Christina Lambert QC represented Dr W, a consultant psychiatrist specialising in the field of substance abuse, who was charged with offences of sexual assault by the GMC relating to both a patient and a co-worker. Before a Fitness to Practise Panel, the doctor was acquitted of sexual assault and the remaining facts which had been admitted were determined not to amount to misconduct. No warning was issued.
Before the hearing objection had been taken to the use of the GMC’s pilot scheme for formulating charges, in which allegations are pleaded in short form in the Notice of Hearing with supporting factual details relegated to a separate document, the Statement of Case. The Statement of Case is not referred to in the statutory rules for FTP hearings, and hence is not governed by them. In Dr W’s case, the GMC acceded to the defence’s objection and by consent served a new, full and appropriately detailed, Notice of Hearing.
Dr W’s case follows on from an earlier challenge to the pilot scheme, thought to be the first of its kind, CM v GMC. In this case, Christina Lambert and Matthew Hill successfully obtained permission for judicial review on the basis that a pilot scheme Notice of Hearing did not comply with the GMC’s statutory duty and common law obligations of fairness. Following the granting of permission by King J, the GMC withdrew its original charges, served a new (properly particularised) Notice of Hearing, and agreed to pay the registrant’s costs associated with the judicial review.

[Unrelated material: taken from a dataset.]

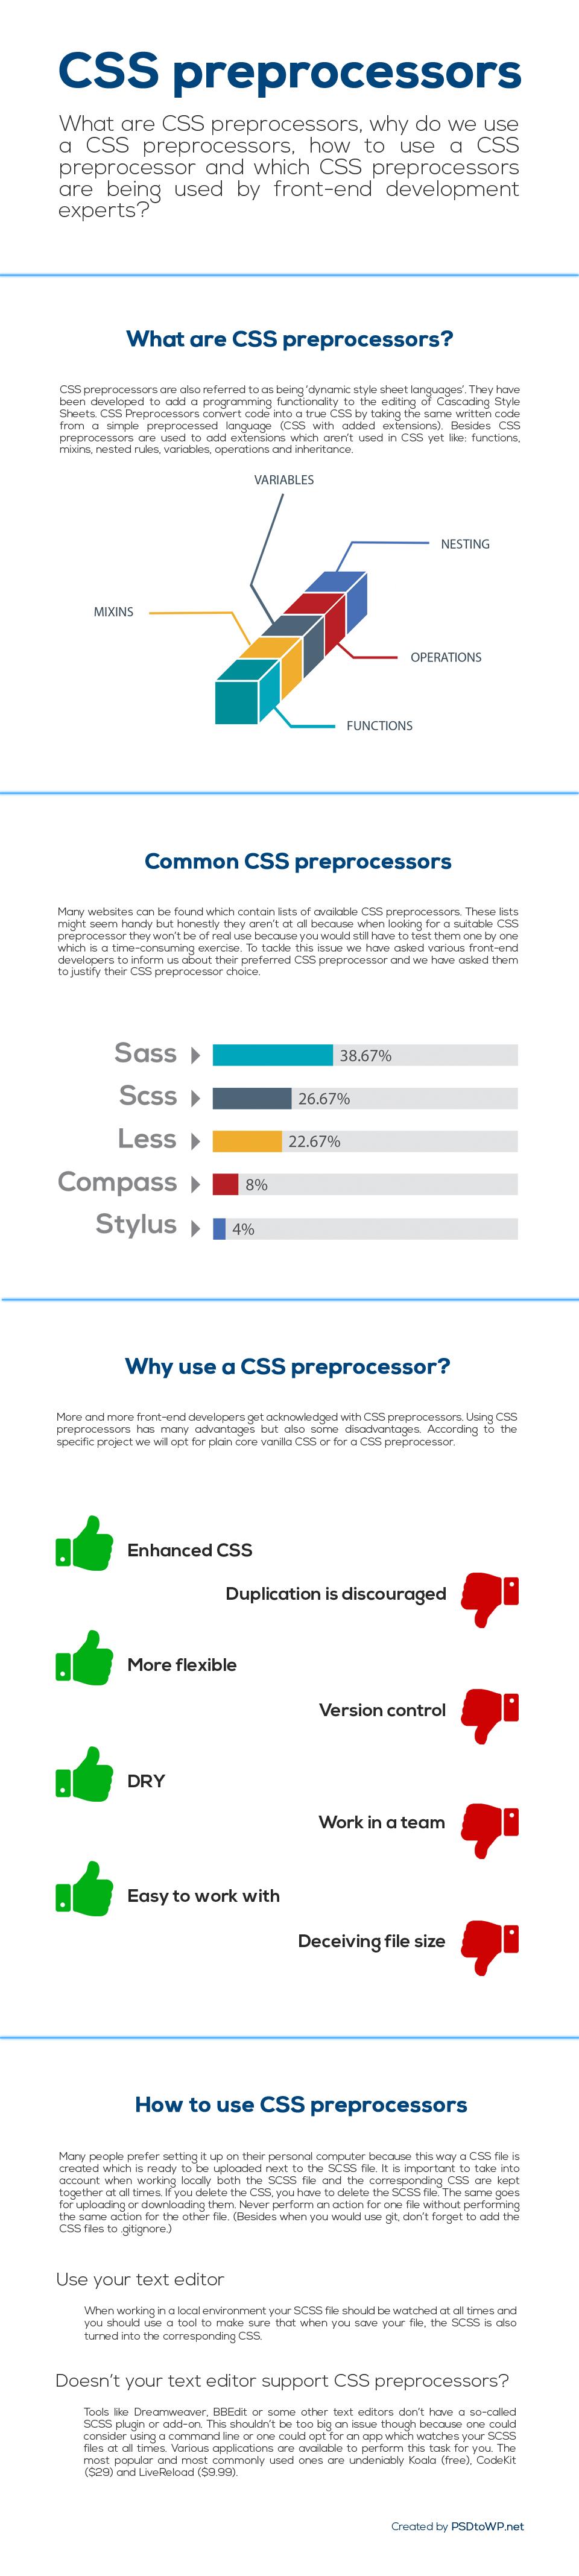 CSS Preprocessors infographic

CM v GMC involved clinical/surgical issues, but the case of Dr W demonstrates the need to consider in all GMC cases – including those arising from issues of propriety and probity – whether the short-form approach to charging within the pilot scheme is fair and lawful. Unless the facts upon which the GMC rely in support of the allegation of misconduct are set out within the Notice of Hearing the registrant does not know formally the case he should meet, and may be deprived of important statutory procedural safeguards, such as those associated with amendment of charges and half-time submissions. Further, and of equal and practical importance, no finding of impairment can be made, nor warning issued, in respect of facts which are not the subject of a charge particularised in the Notice of Hearing – hence the need for clarity as to those facts which form the charge and those which constitute background material only.